## YOUR INSTRUCTIONS
Aim for an exact copy of the listing, without any images.

## DATA
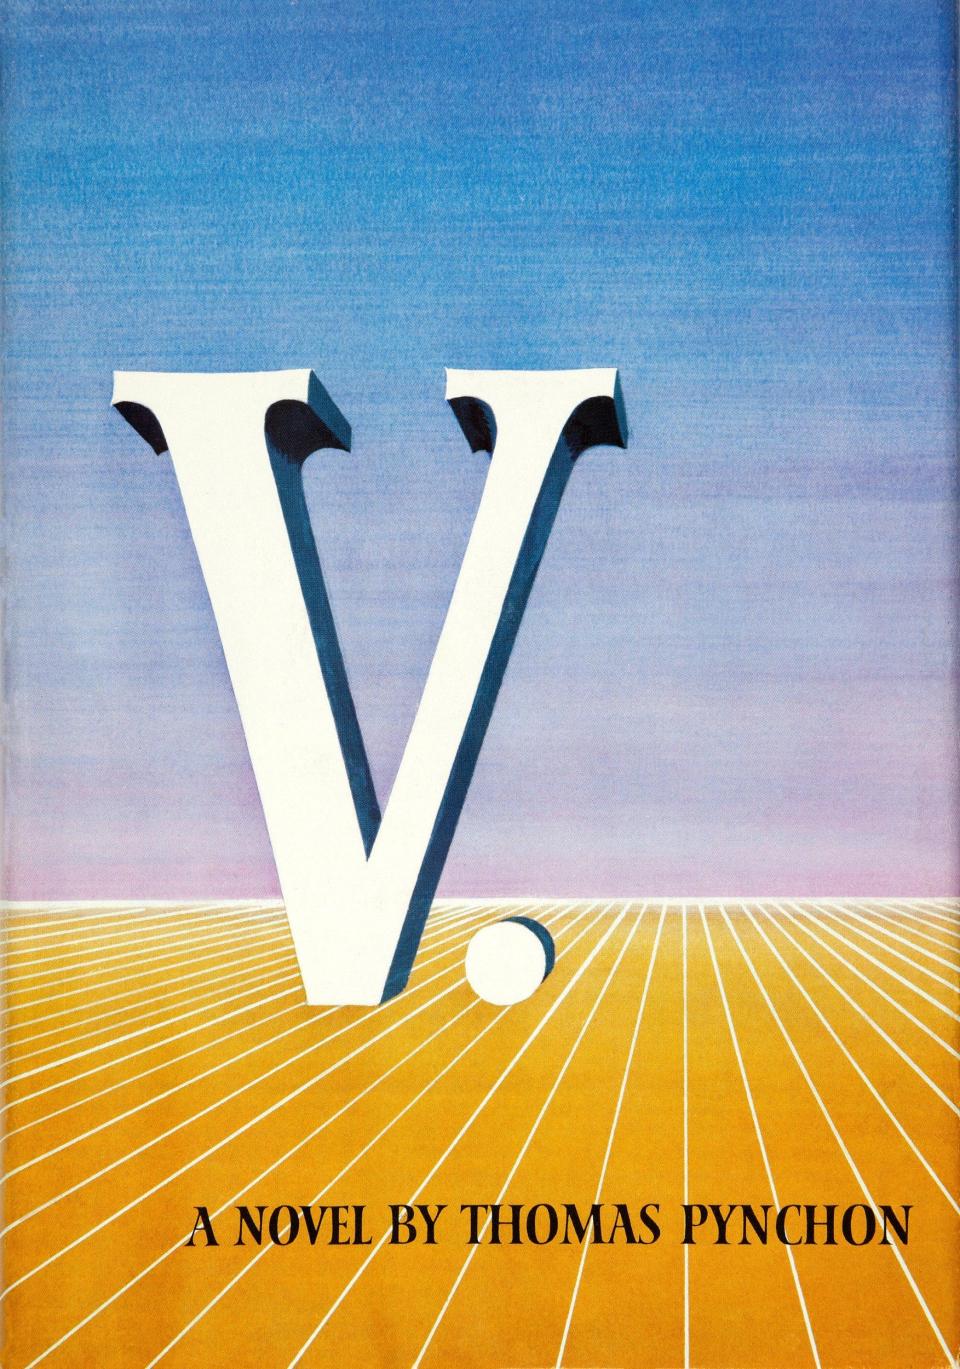 Thomas Pynchon's V., first published in England by Jonathan Cape in 1963
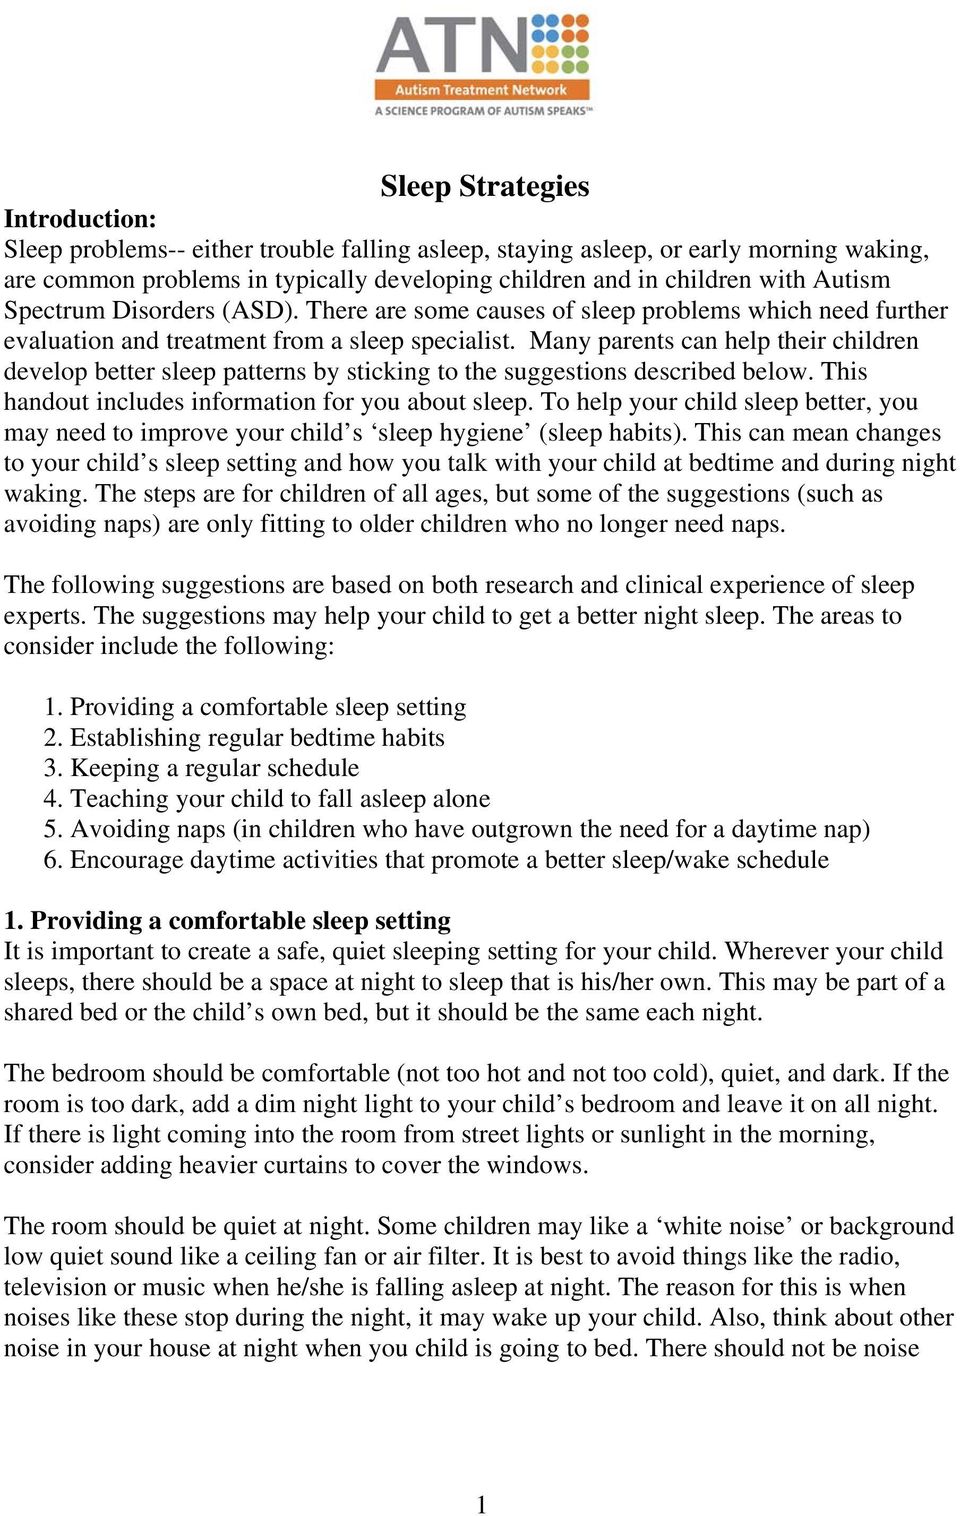 Many parents can help their children develop better sleep patterns by sticking to the suggestions described below. This handout includes information for you about sleep.
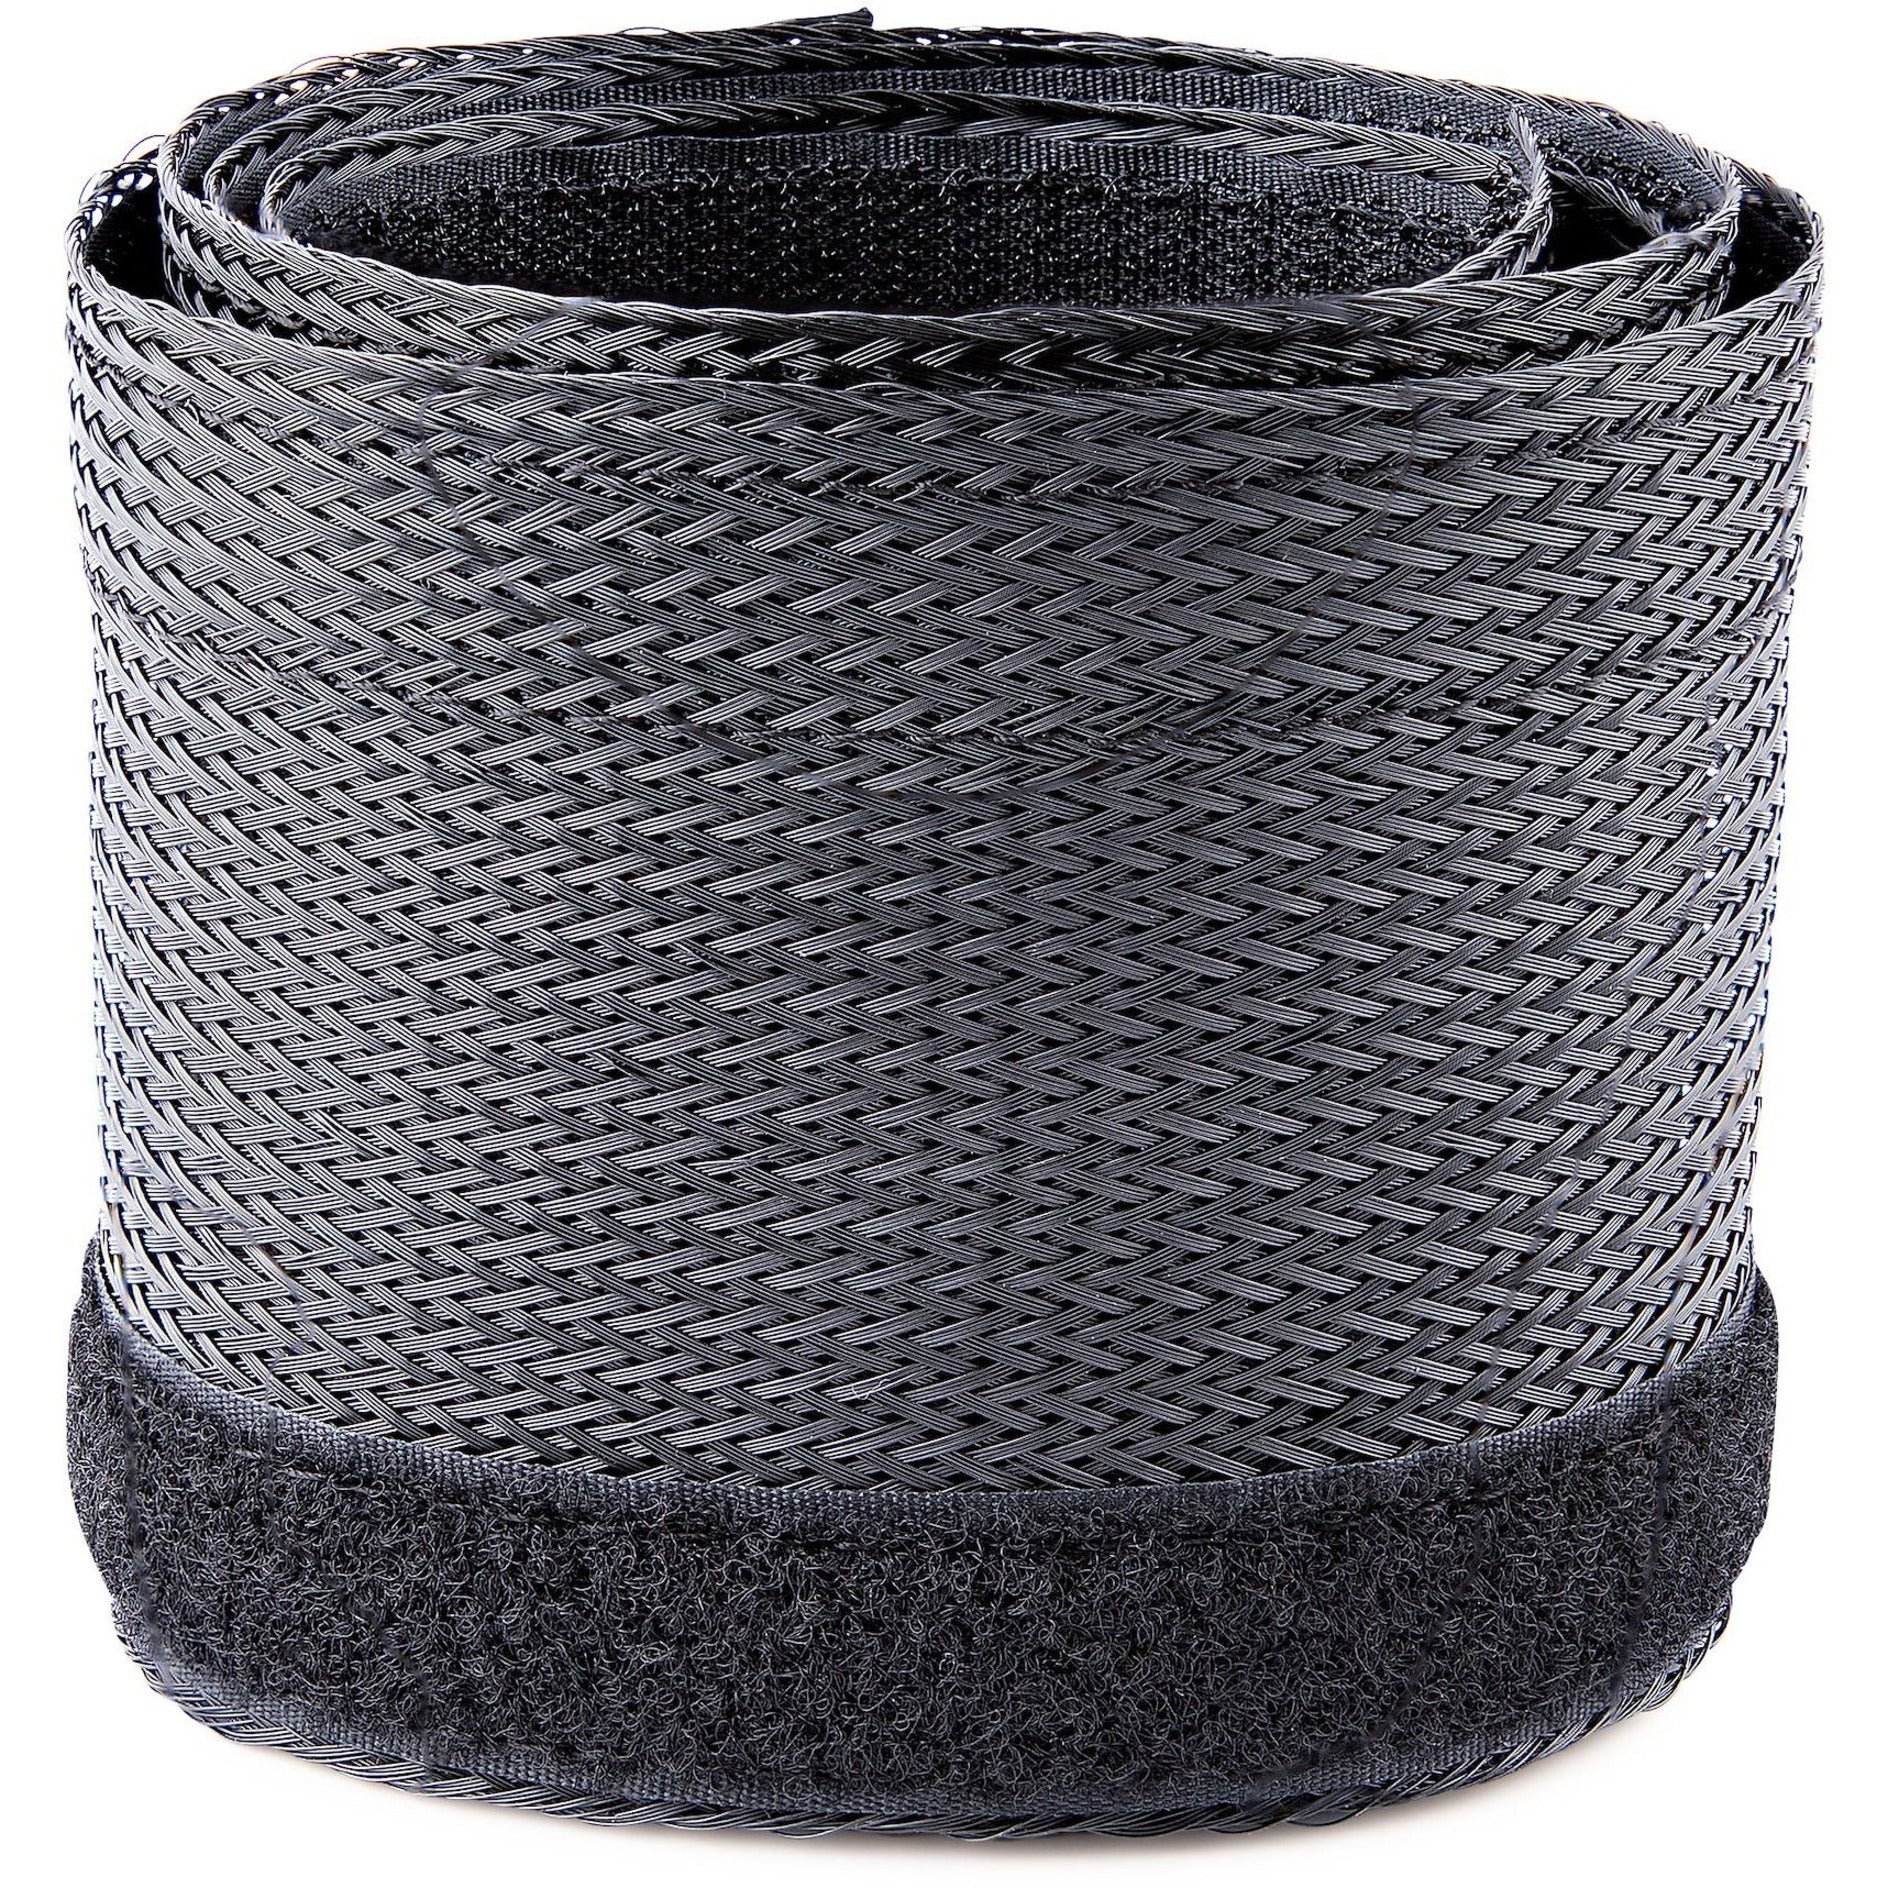 StarTech.com WKSTNCMFLX 10ft Cable Management Sleeve, Braided Mesh Wire Wraps

## RESULT FOR THIS TASK
 Thomas Pynchon's V., first published in England by Jonathan Cape in 1963
 Many parents can help their children develop better sleep patterns by sticking to the suggestions described below. This handout includes information for you about sleep.
 StarTech.com WKSTNCMFLX 10ft Cable Management Sleeve, Braided Mesh Wire Wraps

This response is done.